▶ **DIRECTIONS FOR THIS TASK**:
Word for word, set down the lines from the one that holds "Download 2560x1440 wallpaper" through the final line of the listing below, and exclude every picture.

▶ **INPUT DATA**:

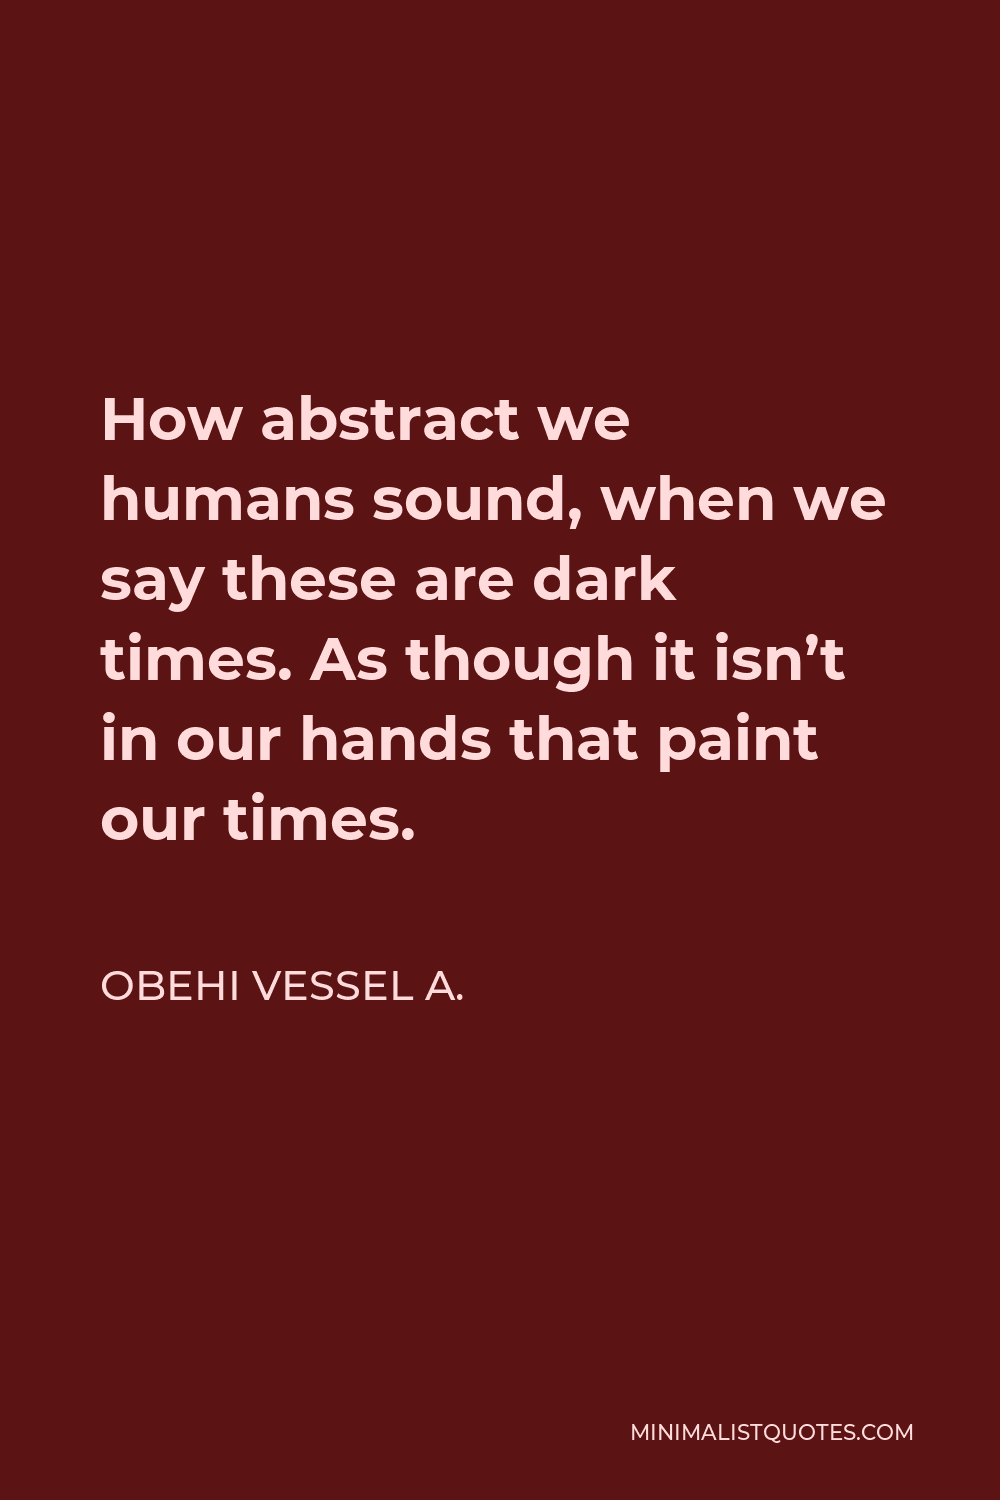 Obehi Vessel A. Quote - How abstract we humans sound, when we say these are dark times. As though it isn’t in our hands that paint our times.
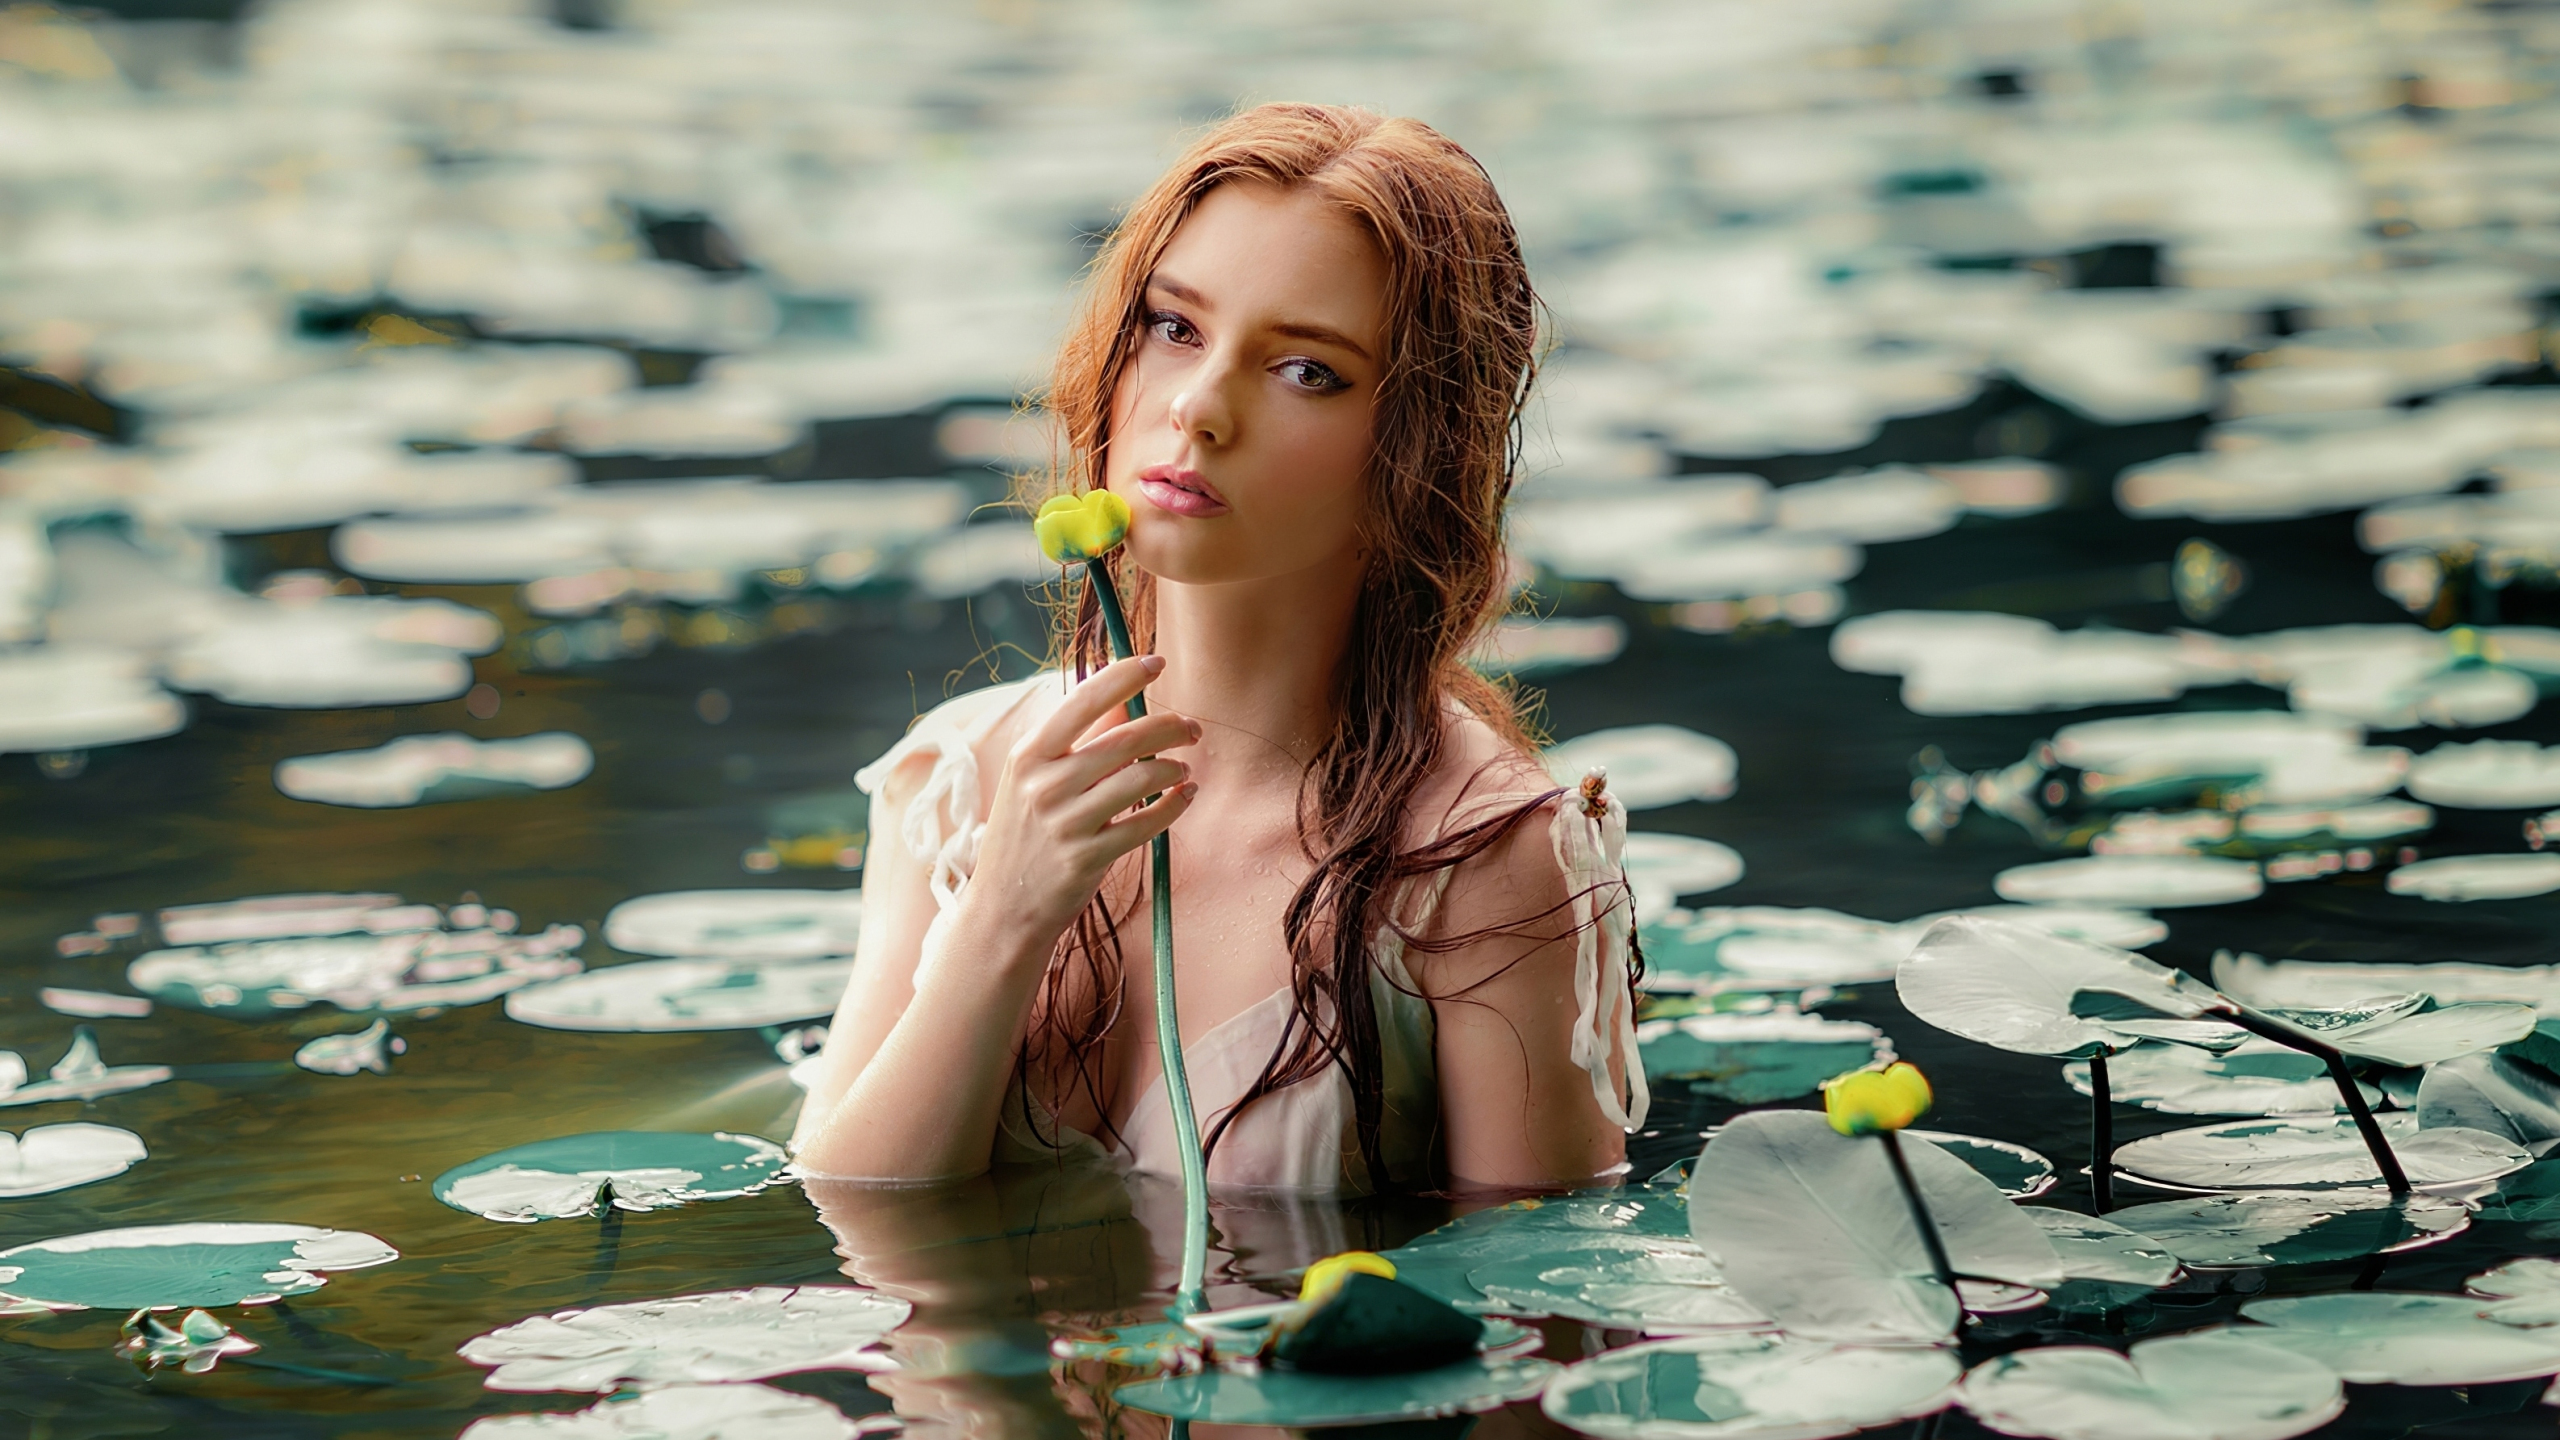 Download 2560x1440 wallpaper girl with flowers, outdoor, lake, dual
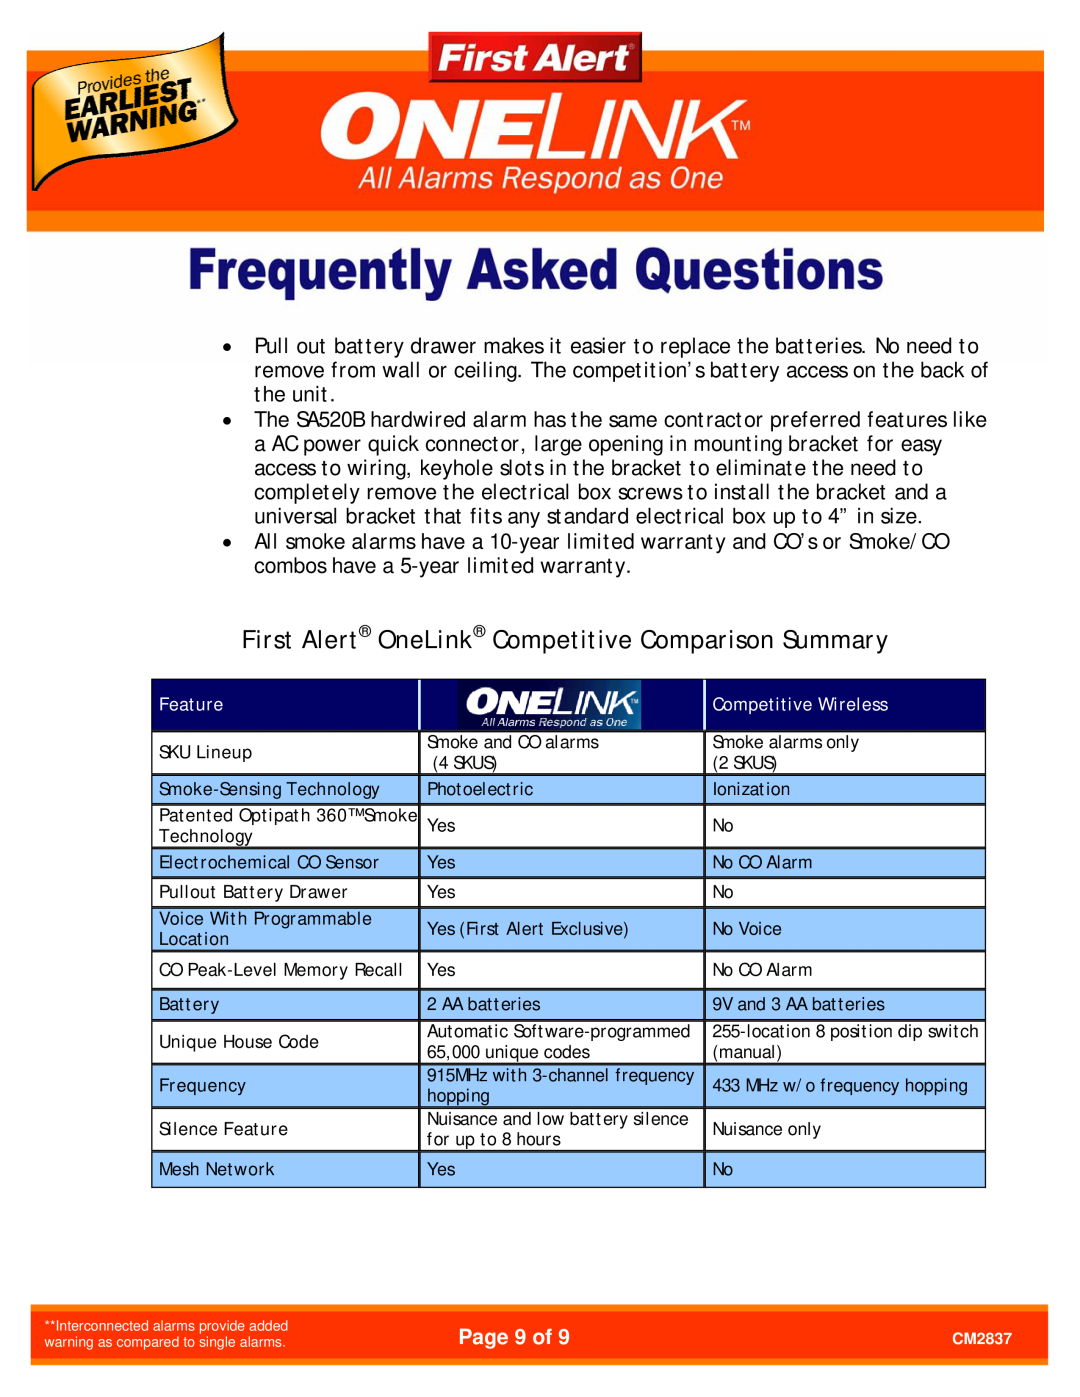 First Alert CM2837 manual Page 9 of, Feature, Competitive Wireless 
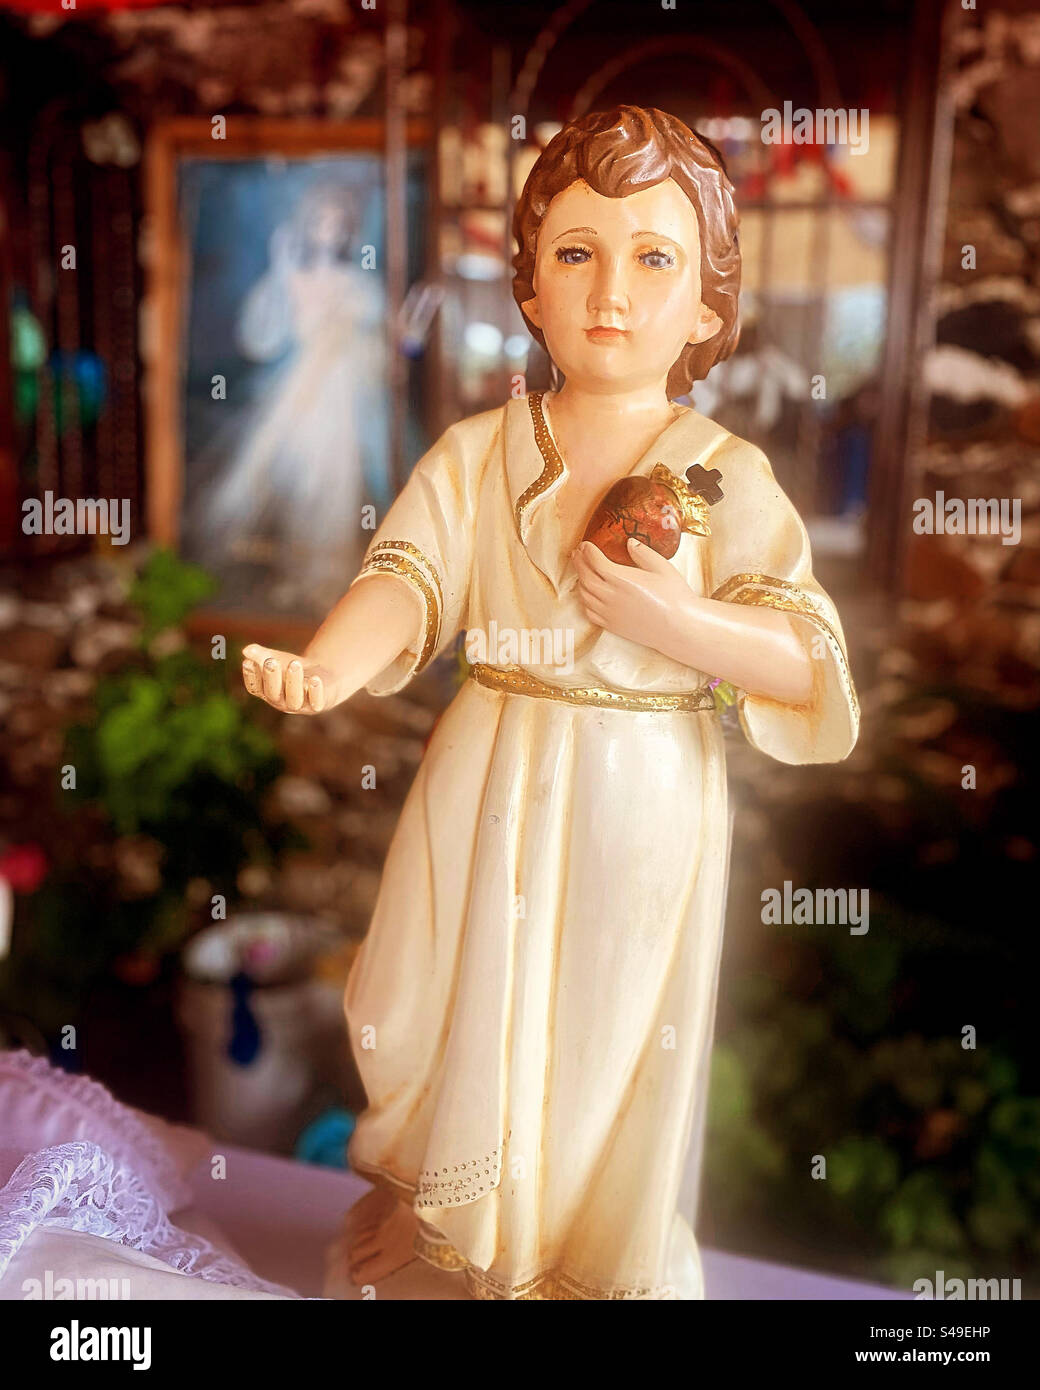 A sculpture of a Baby Jesus holding the Sacred Heart in front of an image of Jesus de la Misericordia in the Capilla de Santiago or Saint James chappel in Colon, Queretaro, Mexico Stock Photo

▶ **TASK ANSWER**:
 Download 2560x1440 wallpaper girl with flowers, outdoor, lake, dual
 First Alert CM2837 manual Page 9 of, Feature, Competitive Wireless 
 A sculpture of a Baby Jesus holding the Sacred Heart in front of an image of Jesus de la Misericordia in the Capilla de Santiago or Saint James chappel in Colon, Queretaro, Mexico Stock Photo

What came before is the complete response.